Parking regulations worry CASC

The borough’s new parking regulations concern the staff of the Community Action Service Center.

By: Scott Morgan
   HIGHTSTOWN — Looking right and out her window, Lydia Santoni-Lawrence can see the Main Street parking lot beside Peddie Lake. The front door of her office at the Community Action Service Center, at 116 N. Main St., is less than 50 feet from the lot, directly across the street. It is here that she and her staff at CASC park their cars.
   For now.
   Under the borough’s newly mandated parking restrictions, which will limit public parking to two hours and strictly regulate permit parking to the Stockton Street lot, that will change. Ms. Santoni-Lawrence and staff will be asked to park their cars in the municipal hall parking lot, farther up North Main Street, or the Stockton Street parking lot around the corner. While it may not seem a big deal to some, Ms. Santoni-Lawrence said she has a major concern — safety.

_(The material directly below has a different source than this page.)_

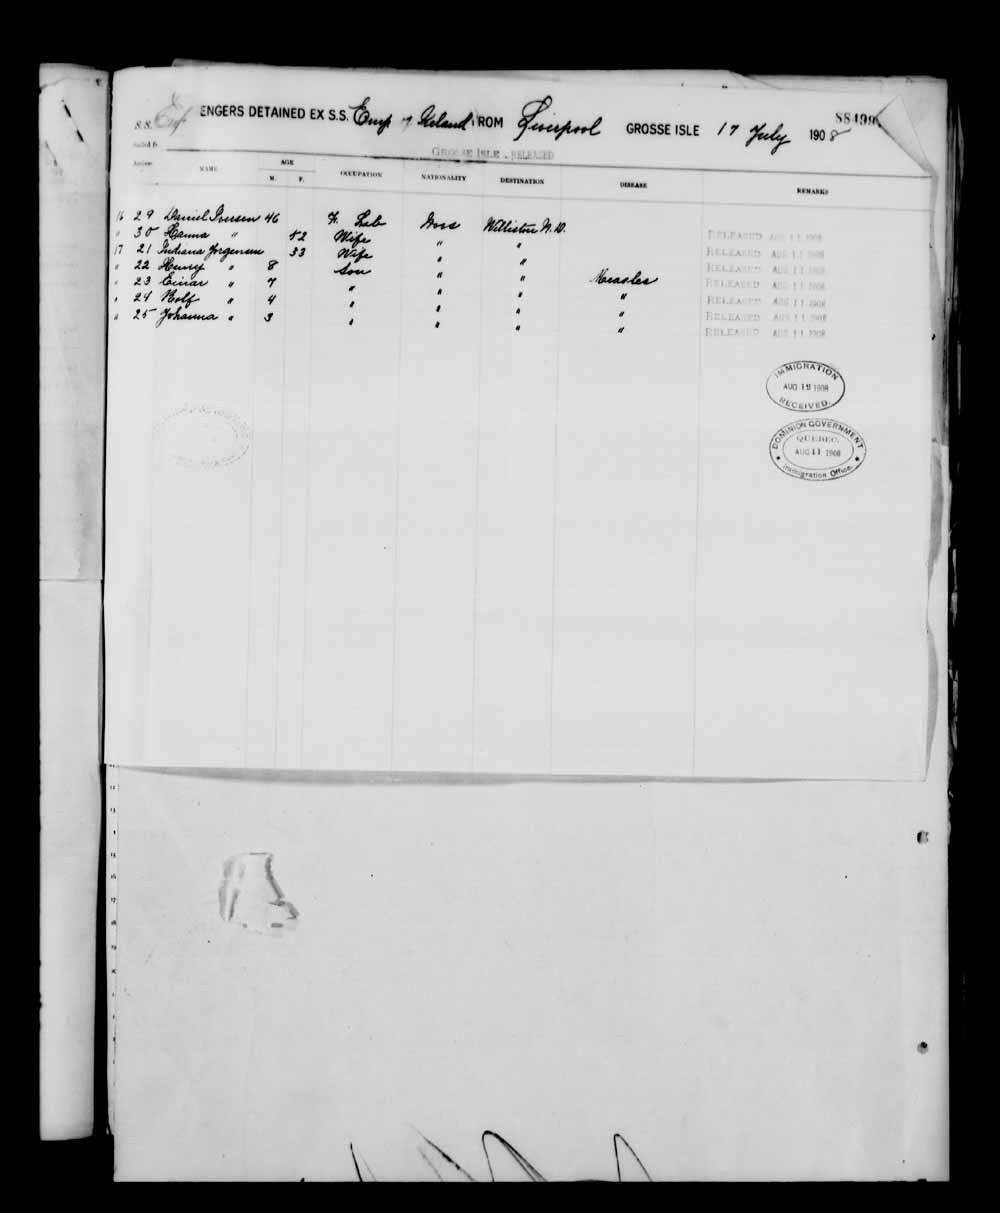 Digitized page of Quebec Passenger Lists for Image No.: e003591250

   Safety is on her mind because of the nature of her organization — community service, often to the dispossessed, the desperate or the mentally unwell. She said such a position is unique to CASC in that the center deals with people with nowhere else to turn. When their last place for help cannot help them, usually due to the center’s lack of financial resources, some people lash out, she said.
   "Unfortunately, the work we do elevates the risks somewhat," she said.

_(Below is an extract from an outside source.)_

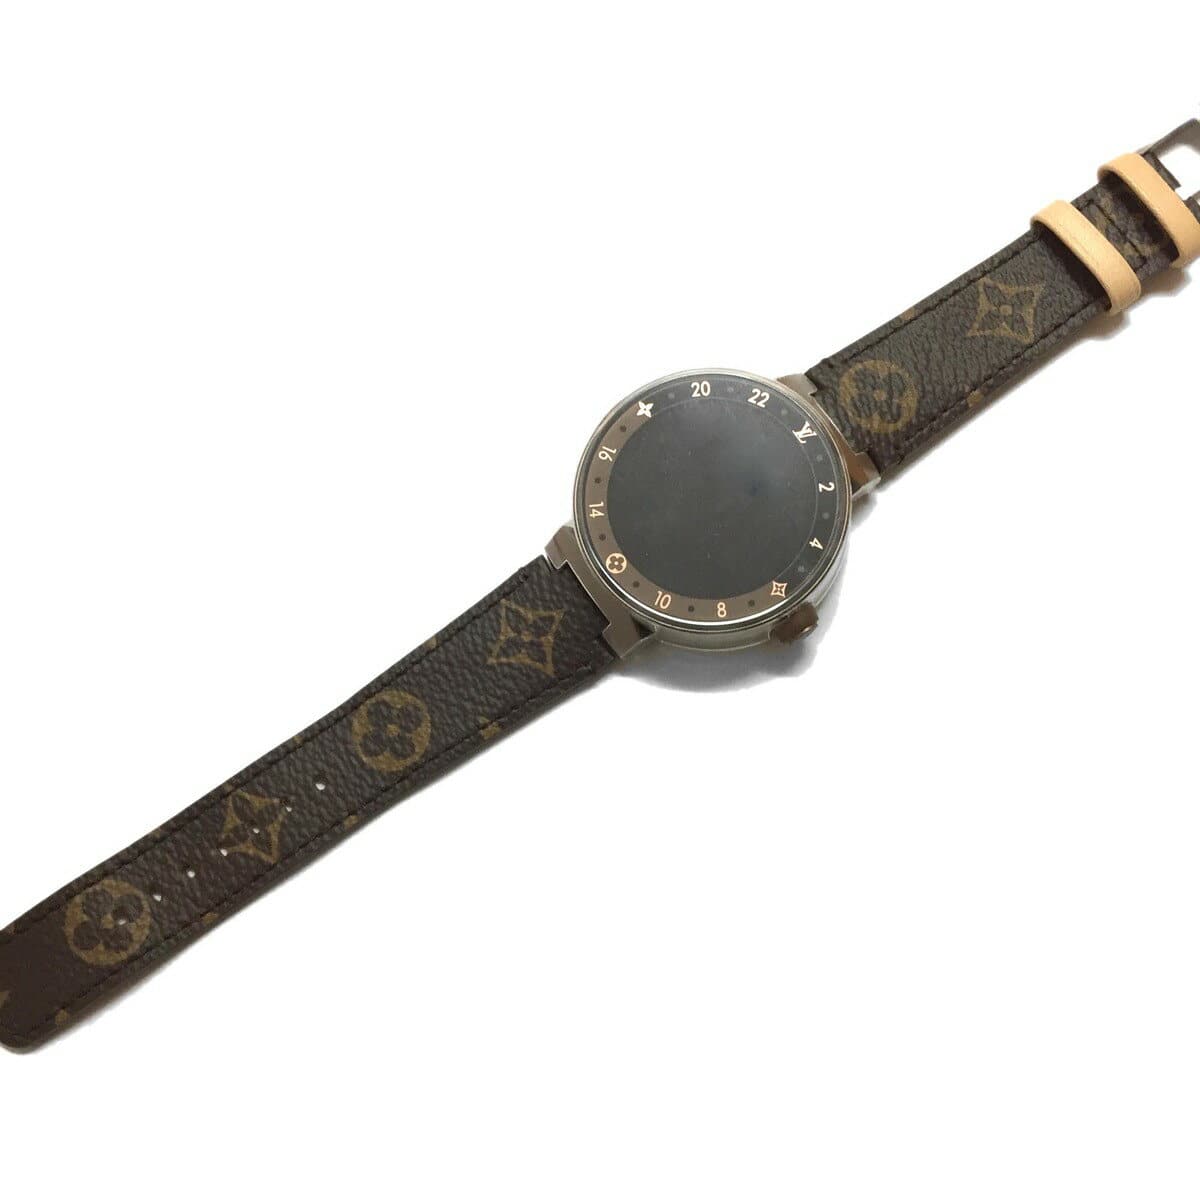 louis vuitton tambour watch charger

   Citing these unique safety concerns, Ms. Santoni-Lawrence is asking the borough’s permission to allow her and her staff to remain in the Main Street lot, via permit parking.
   This includes only the staff members’ personal cars and not the CASC van, which Ms. Santoni-Lawrence said she is willing to have parked anywhere else.
   In a letter to the Borough Council, read into the public record by Councilman Richard Pratt on Monday night, Ms. Santoni-Lawrence outlined her concerns for her well-being and that of her staff.
   "While we strive to help people that come to us for assistance, there are times when we are unable to help. That decision sometimes erupts into a threatening scenario for staff members," the letter stated.
   This, for Ms. Santoni-Lawrence, is no idle worry. Staff members have been approached by angry people in the past, she said. Some of these incidents have occurred in the Main Street lot, she said. Though there has been no violence, and though such incidents are uncommon, what is at the heart of Ms. Santoni-Lawrence’s argument is the reduction of risk.
   Borough officials have said the new regulations will not be strictly enforced until after the downtown revitalization project is completed.
   As outlined, CASC workers (whose cars take up five of the 40 spaces in the Main Street lot) would have to park either in the borough hall lot or the Stockton Street lot. Starting from the front door of the CASC offices, a moderate-speed walk takes nearly 150 paces and nearly two full minutes to reach the borough hall lot; reaching the Stockton Street lot takes almost 120 paces and about a minute.
   "That’s a long walk at night by yourself," she said.
   What troubles Ms. Santoni-Lawrence is that the extra time it takes to walk to a car provides just that much more for a situation to build or erupt. Situations, she said, happen very quickly, and it is better to lower the risks, if not eliminate them.
   Putting the cars farther away, she said, just compounds the risks, especially in the dark. Ms. Santoni-Lawrence said that in the colder months, it is common for some CASC workers to work until nightfall, when most everyone else is off the streets. In her letter, she described the lot across the street as "menacing during the evening hours."
   The parking ordinance, which passed Monday, allows no permit parking in the Main Street lot. Borough Council briefly discussed Ms. Santoni-Lawrence’s request to allow CASC staff permit parking there, but concluded it was more a "police matter" than one for council. Council President Mike Vanderbeck said in an interview Wednesday that there are no plans to grant CASC permits to park in the Main Street lot.
   Mr. Vanderbeck said he does not see how permit parking would really help CASC, partly in light of the fact CASC workers who have been approached have been approached in the Main Street lot. He said the ordinance to regulate parking was put together with the primary goal of cleaning up a messy situation.
   Mr. Vanderbeck also said he believes Ms. Santoni-Lawrence’s argument is lacking.
   "You can’t really cure that problem other than law enforcement," he said, referring to being accosted by a determined aggressor. He added the CASC staff would be safer in the other lots for two reasons. First, parking in the borough hall lot is, effectively, parking in the Police Department lot. Second, walking to the Stockton Street lot would require using crosswalks, rather than crossing Main Street close to Route 33 in order to get to the lot.
   "You’d be more apt to be harmed by a vehicle than by another person in Hightstown," he said.
   While Ms. Santoni-Lawrence said there is cause for concern, she said she also understands the borough is not a high-crime area. She said Hightstown is like any other town in that good and bad happens. She would just like to keep the opportunities for the bad to a minimum, and she said she feels allowing her small staff to park across the street is a nonintrusive common-sense approach to prevention.
   "Hightstown is not a scary place at night, but you should be prudent about safety," she said.